On Apr 25, 2012 8:16 PM, "Tab Atkins Jr." <jackalmage@gmail.com> wrote:

> On Wed, Apr 25, 2012 at 4:33 PM, Brian Kardell <bkardell@gmail.com> wrote:
> > Tab, are you saying:  a) fixing that in script apis for document
> fragment or
> > something is an ok solution to this, or that b) this means text templates
> > should use <template> or c) it should be the goal to kill string
> templates
> > altogether?
>
> I just talked with Ojan in person, because we were talking past each
> other with the terms we were using.  I now understand what he was
> saying!
>
> When we say "string-based templating", we're really saying "I want to
> embed an arbitrary foreign language into HTML".  That language happens
> to be a templating language, but the exact purpose you're putting it
> to is irrelevant for our purposes here.  For this, <script type=foo>
> is not only a satisfactory existing solution to this, but it's the
> *correct* solution to this - that's precisely what <script> is
> designed to do.
>
> I was confusing this term with the idea of "programmatic DOM creation
> that doesn't suck".  Right now, the "right" way to create a fragment
> of HTML is to use a lot of document.createElement() and
> el.appendChild().  This sucks.  Instead, everyone wants to just write
> a string containing HTML and parse it, like what innerHTML and jQuery
> do.  For this, Raf's proposal works great - it lets you use the
> "innerHTML API" without having to employ hacks like jQuery uses to
> ensure that things parse in the right context.
>
> Related closely to this is stuff like a Web Component that wants to
> fill itself with a DOM fragment.  Right now, you're required to do
> that within script.  This sucks, partially because of the
> aforementioned existing suckiness with DOM building.  Even once we fix
> that with Raf's proposal, it will still suck, because it means that
> Components are required to run script to build themselves, even if
> their DOM structure is totally static and doesn't depend on outside
> data.  We want <template> to help us solve this problem, by letting us
> send HTML structure *in HTML* and potentially hook it up to a
> component declaratively, so components don't need to run script unless
> they're actually doing something dynamic.  Parsing the contents of a
> <template> "correctly" requires the same mechanism that Raf is
> proposing.
>
> Somewhat further away, we have another proposal, MDV, which *is*
> intending to replace the basic functionality of the current
> "templating" libraries.  It takes something representing an inert DOM
> structure with holes punched in it for data to fill in, hooks it up to
> a JS object full of data, and pops out a fragment of "real" DOM with
> all the holes filled in.  This is obviously useful when done purely
> via script (the popularity of templating libraries attests to that!),
> but there's intriguing design-space around *declarative*
> templating/iteration, where you just declare a template in markup,
> tell it how to fetch a data source to use, and it handles the rest for
> you.  No script required!  This is very similar to the "no-script
> Components" use-case, and so it would be nice to reuse <template>.
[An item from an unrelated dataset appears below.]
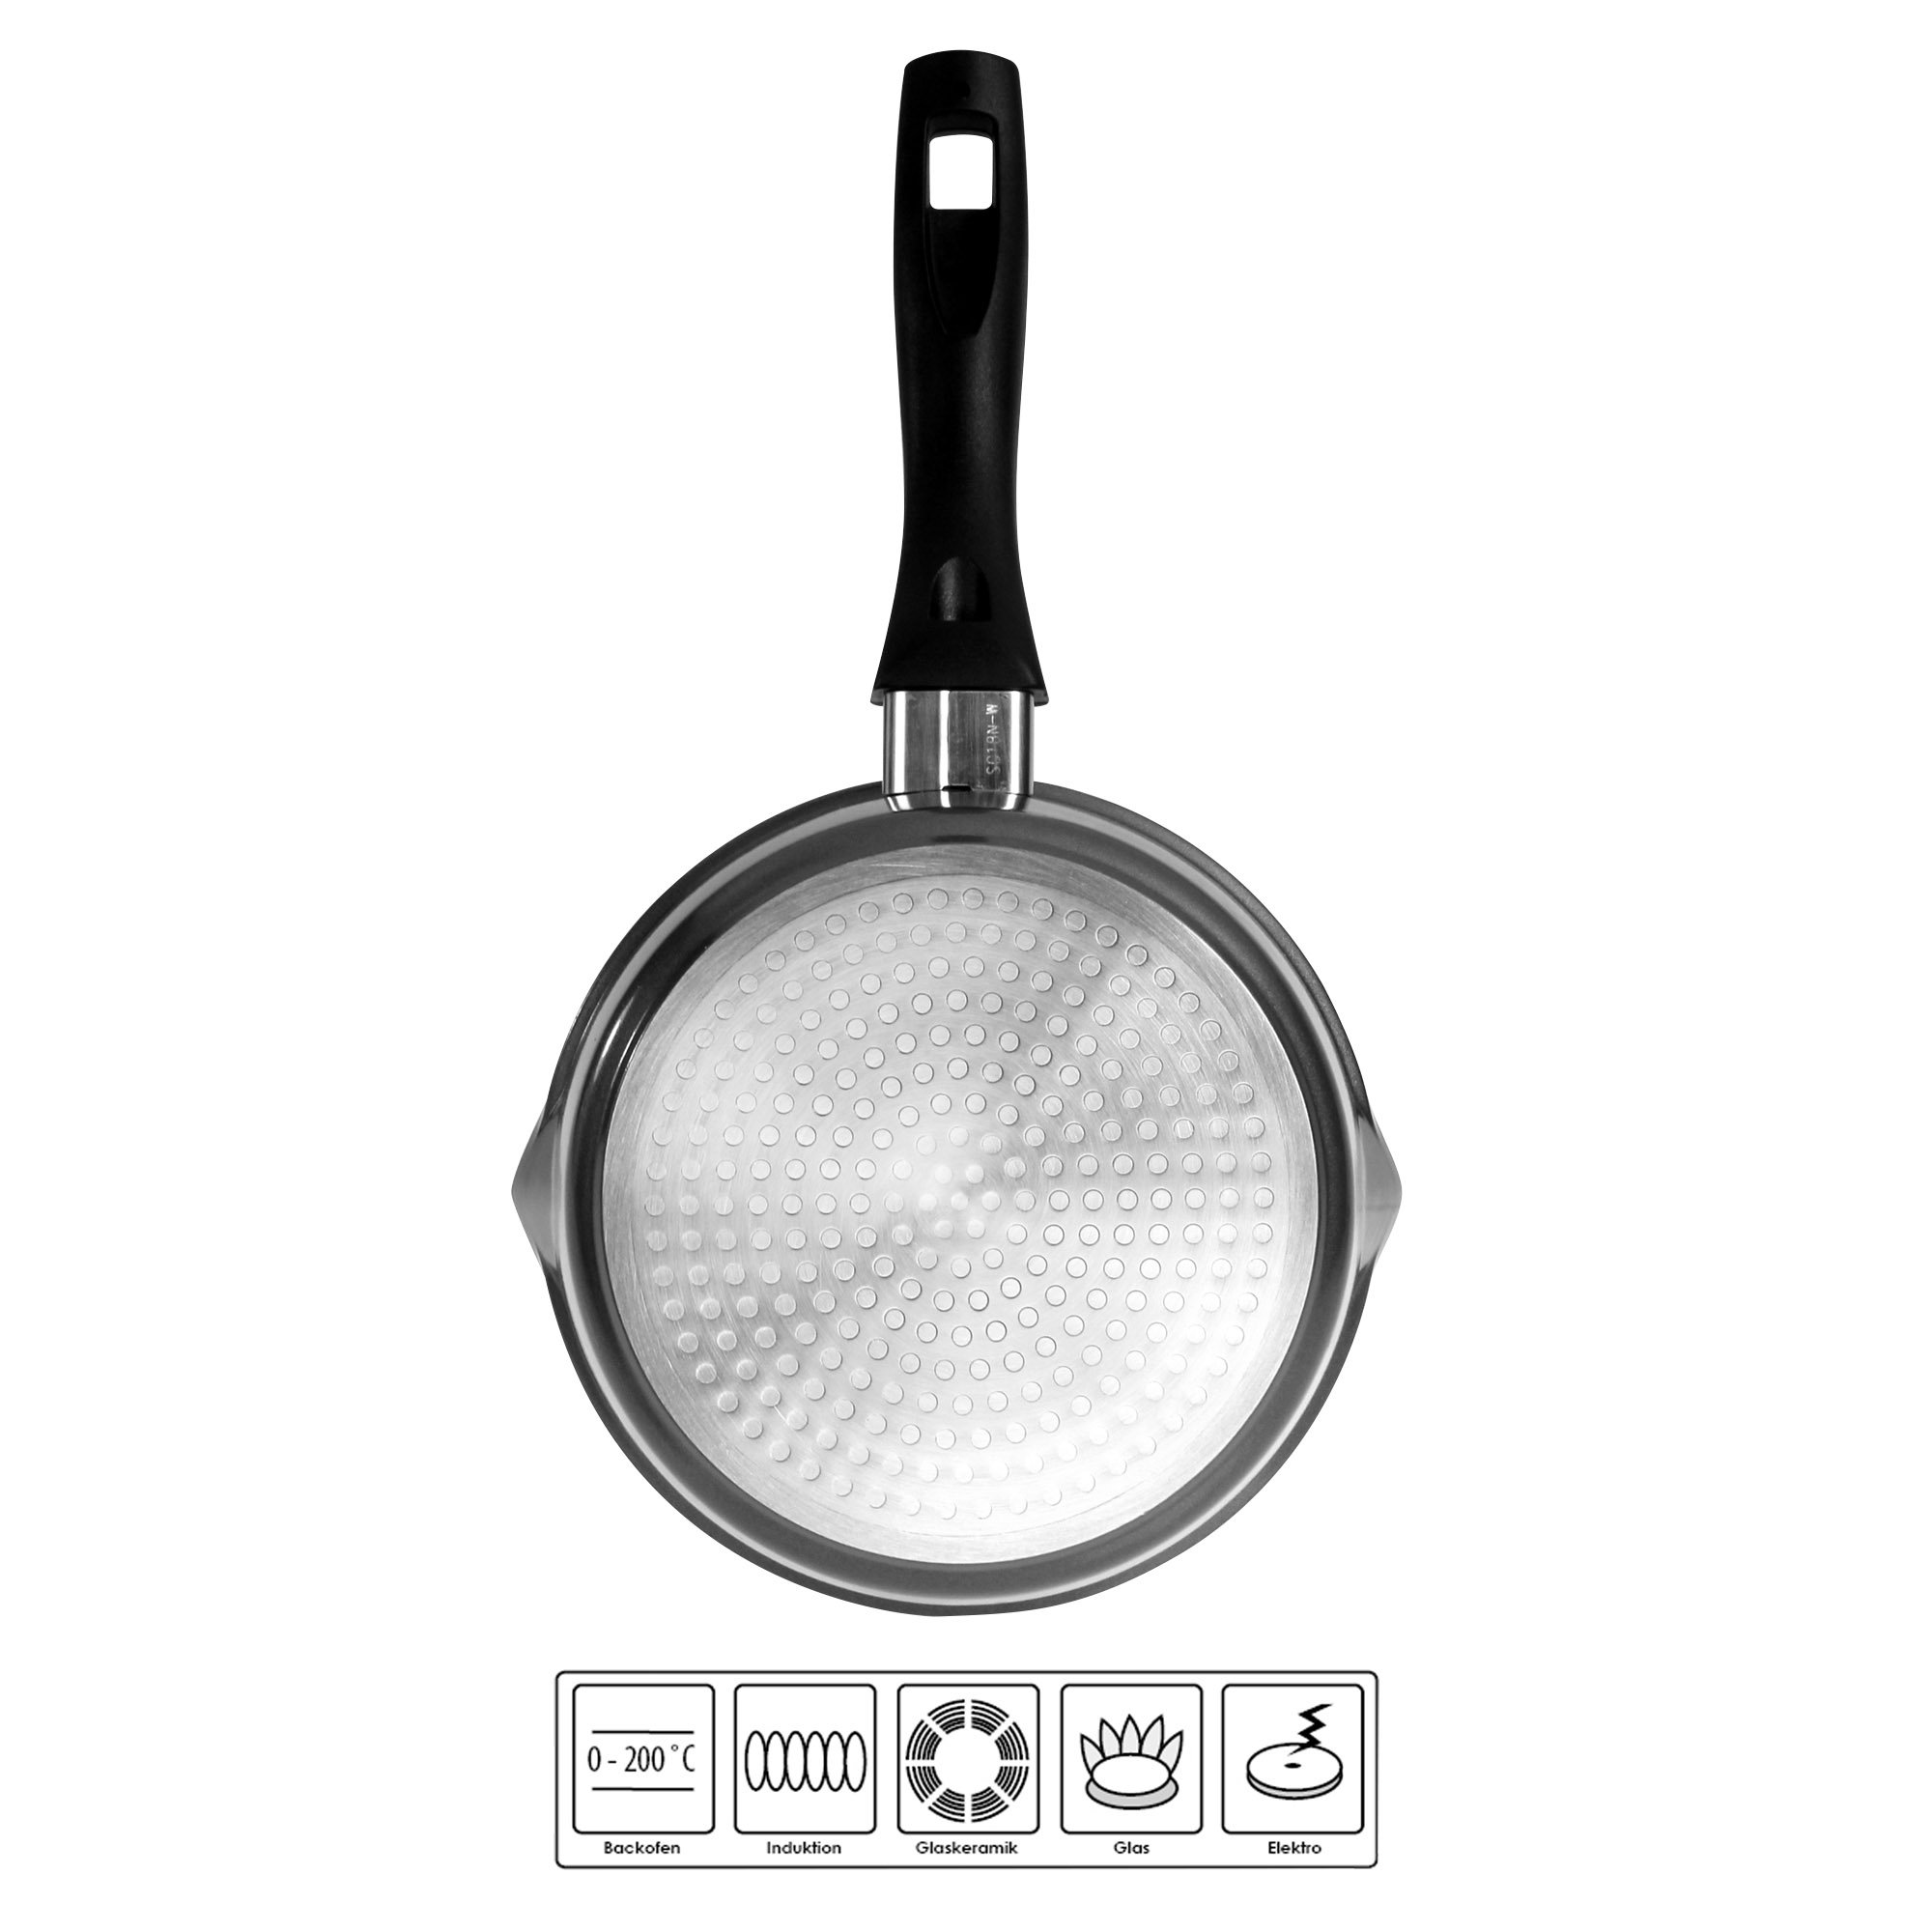 STONELINE® Saucepan 18 cm, with glass lid, non-stick coating, suitable for induction

> Even if we use a differently-named element, the parsing problems are
> identical, and we still need something like Raf's proposal to solve
> them.  (Even ignoring the pure-declarative case, being able to ship
> your templates in the page HTML and just grab them with script when
> you want to use it seems useful.)
>
>
> A "text template" like handlebars (in other words, a foreign language)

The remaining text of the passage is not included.